We are going to import designated map from Open Street Map and modify it using Java and make it compatible to use with SUMO Simulator. User will be asked to give input of origin and destination of vehicle as simple latitude and longitude co ordinate of the vehicle or they can divide the map into districts and create trips between districts. The file format would be simple text file or .CSV file. We will parse the file using Java and send the coordinate to SUMO for creating the simulation and then save the result for user to further use. Our main goal here is to automate the whole process. Generated output for each stage will be used as input for next stage by program.

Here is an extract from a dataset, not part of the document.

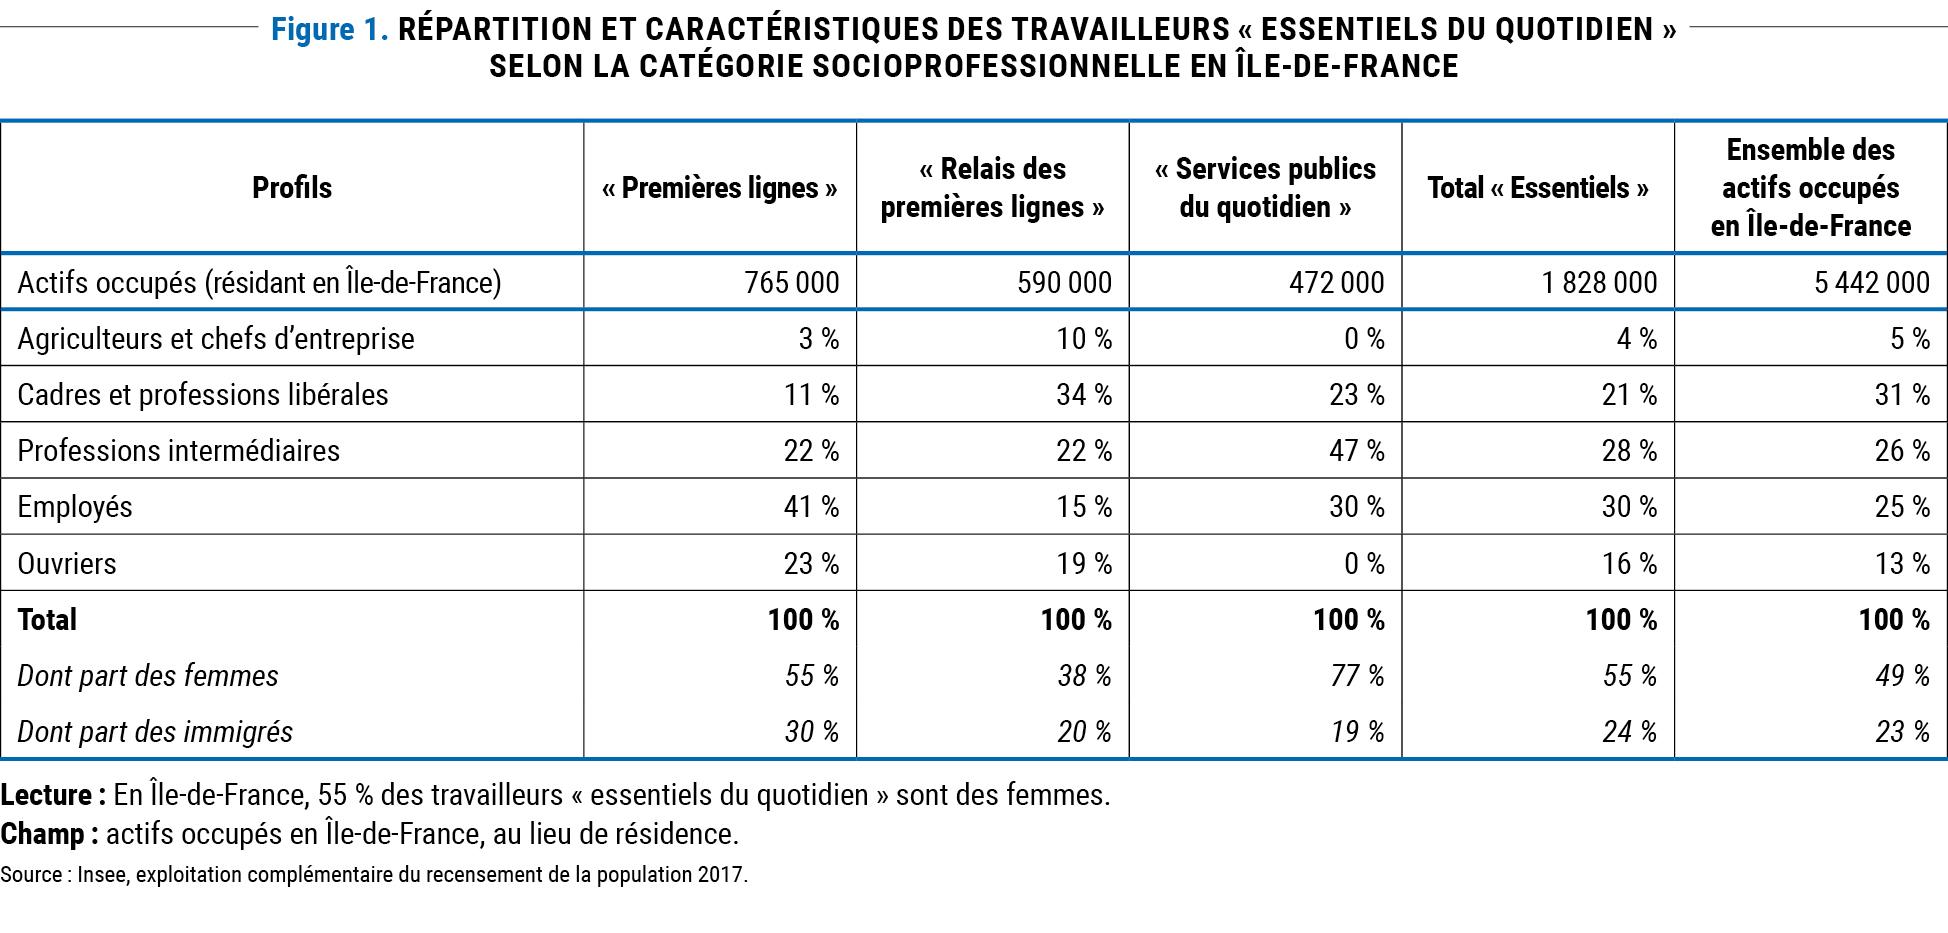 Figure 1 - Répartition et caractéristiques des travailleurs « essentiels du quotidien » selon la catégorie socioprofessionnelle en Île-de-France © Apur

Figure 1: Vehicle Mobility Simulation Process
2. Tools used
2.1 Open Street Map:
OpenStreetMap (OSM) is a collaborative project to create a free editable map of the world. Two major driving forces behind the establishment and growth of OSM have been restrictions on use or availability of map information across much of the world and the advent of inexpensive portable satellite navigation devices. Rather than the map itself, the data generated by the OpenStreetMap project is considered its primary output. This data is then available for use in both traditional applications, like its usage by Craigslist and Foursquare to replace Google Maps, and more unusual roles, like replacing default data included with GPS receivers.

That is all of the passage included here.